Tutorials
TabbyAPI Quick Start: Deploy an OpenAI-Compatible Local API Server
Download, configure, and run TabbyAPI as a lightweight OpenAI-compatible inference server for local LLMs on Linux and Windows.

TabbyAPI Quick Start: Deploy an OpenAI-Compatible Local API Server
TabbyAPI is a lightweight, Rust-based inference server that exposes an OpenAI-compatible API for local language models. If you want a minimal, fast backend that follows the OpenAI API format closely, this is worth evaluating alongside the bigger toolkits.
What makes TabbyAPI different
TabbyAPI is built around speed and API compliance. It uses ExLlamaV2 and Llama.cpp backends, keeps memory overhead low, and provides the standard `/v1/chat/completions` and `/v1/completions` endpoints without requiring extensions or additional configuration.
For a broader comparison of local servers, see TabbyAPI vs text-generation-webui.
Installation
Download the pre-built binary from the releases page or build from source with Cargo. On Linux, the binary is self-contained and requires only the CUDA or ROCm runtime for GPU acceleration. Place the binary in a directory on your `PATH` for convenient access.
Configure and run
Create a configuration file specifying the model path, backend (ExLlamaV2 or Llama.cpp), and inference parameters. TabbyAPI loads the model during startup and begins listening on the configured port.
First inference test
Once the server is running, send a test request with curl:
```bash
curl http://localhost:8000/v1/chat/completions \
-H "Content-Type: application/json" \
-d '{"model":"default","messages":[{"role":"user","content":"Hello"}]}'
```
Connect to Open WebUI
TabbyAPI works directly with Open WebUI as an OpenAI-compatible backend. In Open WebUI's admin settings, add a new OpenAI connection pointing to `http://localhost:8000/v1`. Models served by TabbyAPI will appear in the model selector.
Read Open WebUI Setup for Local Documents for the full interface configuration.
Performance tuning
Batch size and context length
Adjust the batch size and maximum context length in the configuration file to match your GPU memory. Larger batches improve throughput for concurrent requests; longer context windows increase memory usage per request.
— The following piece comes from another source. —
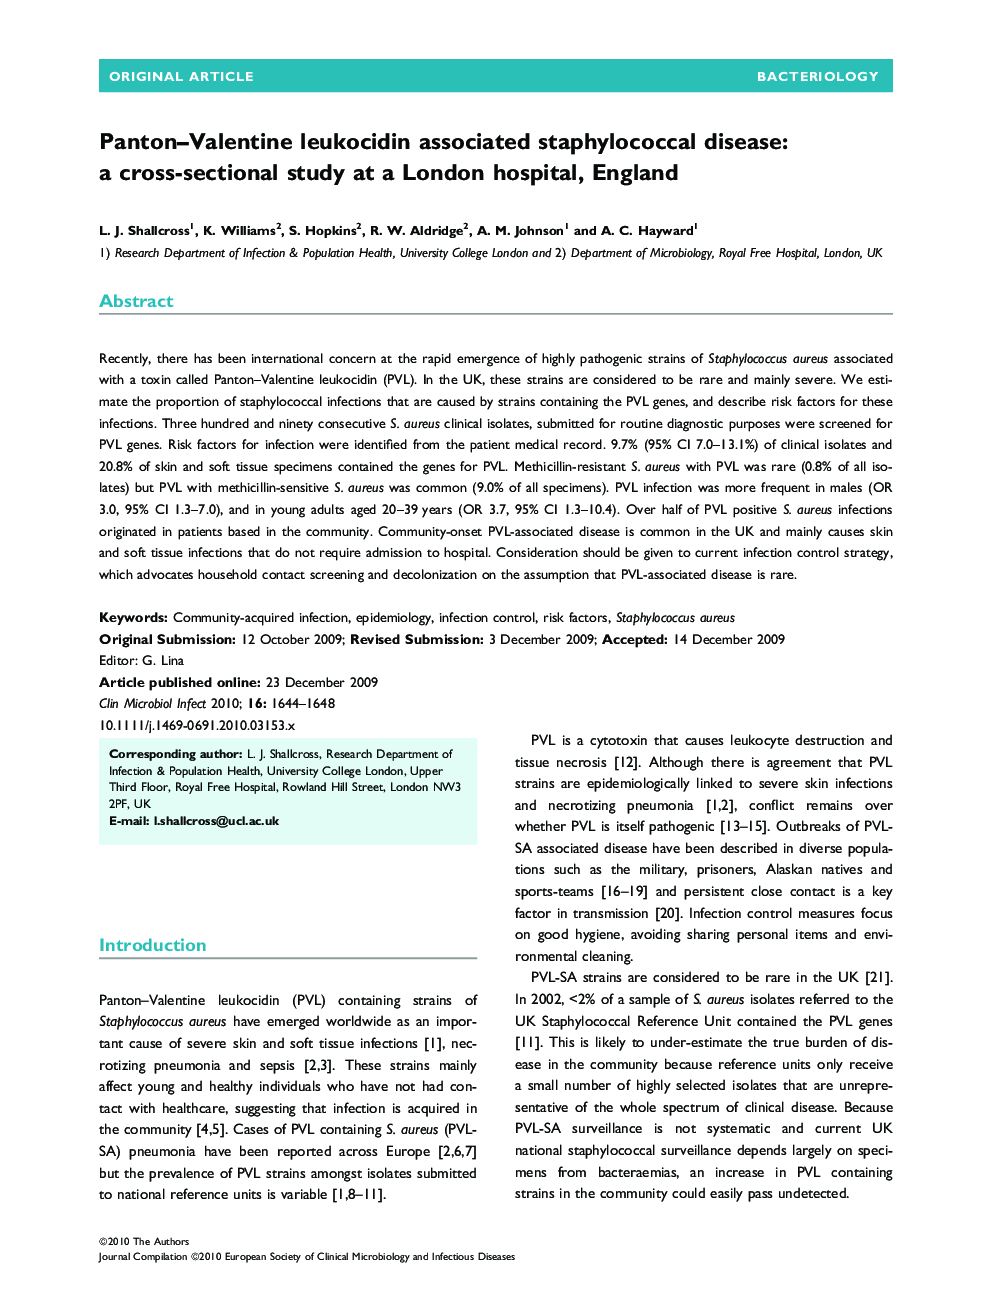 Panton-Valentine leukocidin associated staphylococcal disease: a cross-sectional study at a London hospital, England
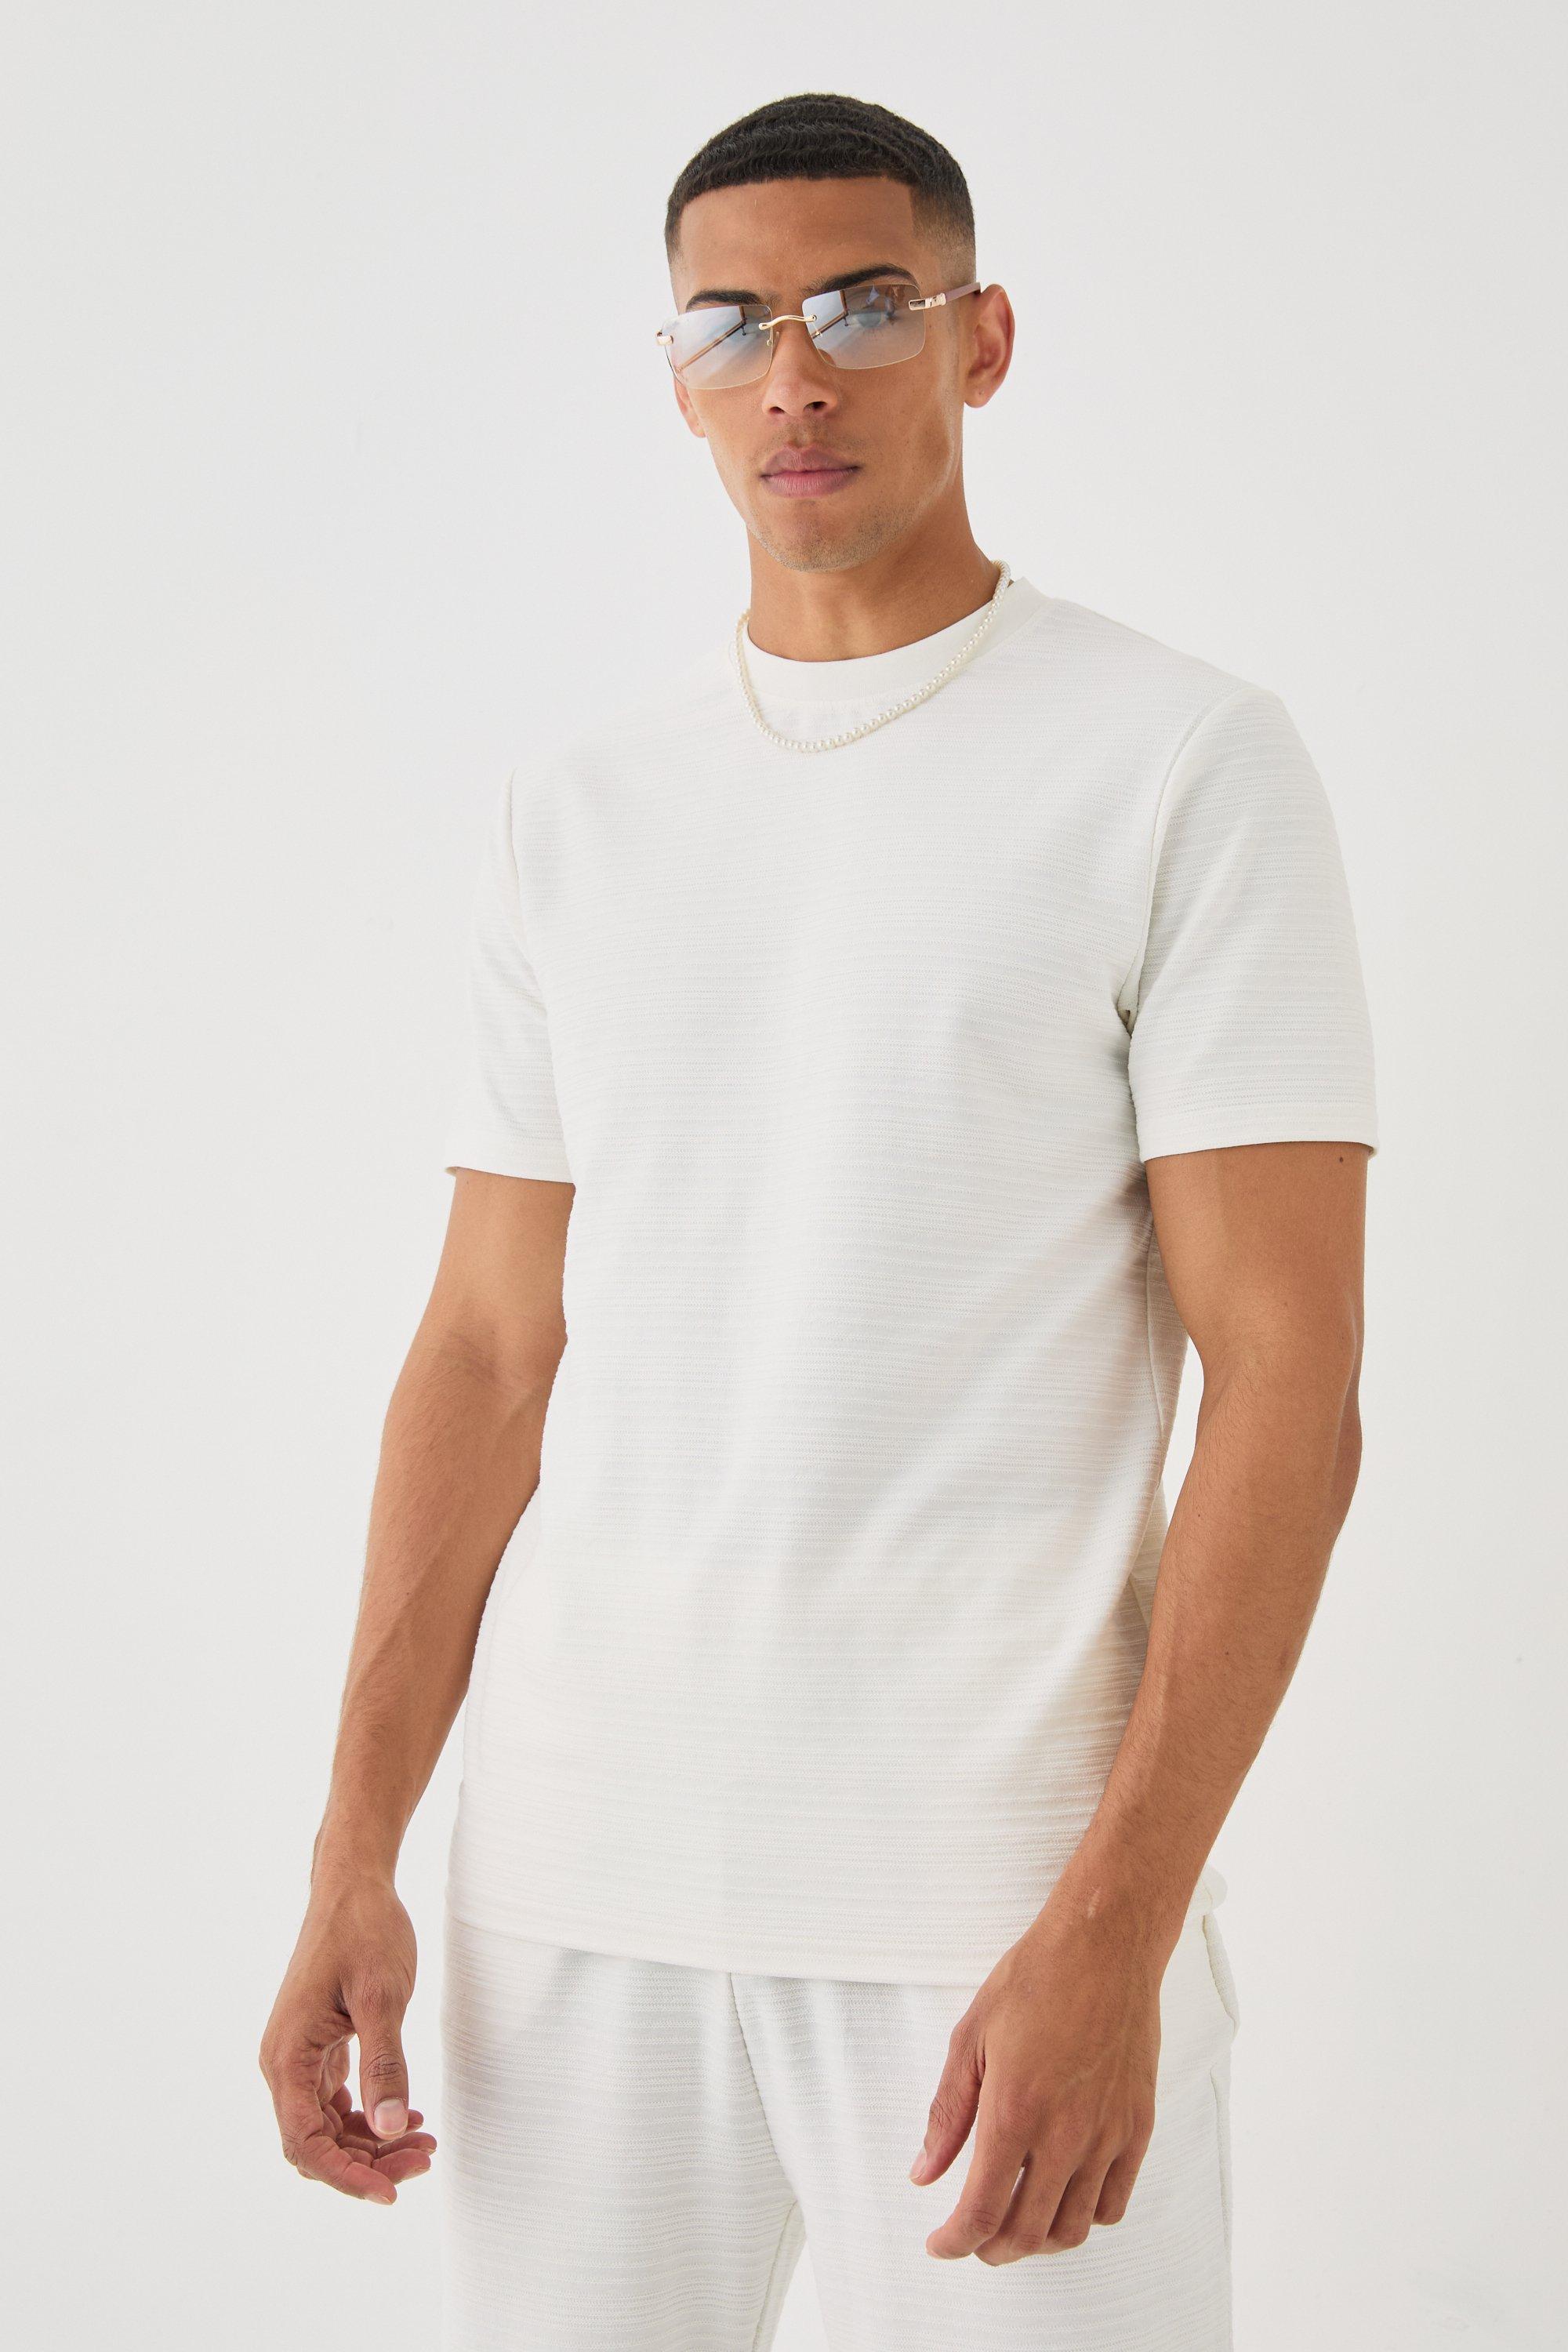 Image of Slim Jacquard Raised Striped T-shirt, Cream

Keep multiple models ready
TabbyAPI supports loading multiple model configurations and switching between them via API calls. You can keep a fast model for simple queries and a larger model for complex reasoning tasks.
Conclusion
TabbyAPI fills a specific niche: a fast, minimal OpenAI-compatible server for local LLMs. If you value API compliance and low overhead over a web interface and extensions, it is a strong choice for the inference layer of your local AI stack.
FAQ
Is TabbyAPI production-ready?
It is stable enough for personal and team use, but review the project's readiness documentation for your specific deployment context.
Does TabbyAPI support function calling?
OpenAI-compatible function calling is supported when using the ExLlamaV2 backend with a model that supports tool-use format.
Can TabbyAPI run on CPU only?
Yes, via the Llama.cpp backend, though GPU inference is significantly faster.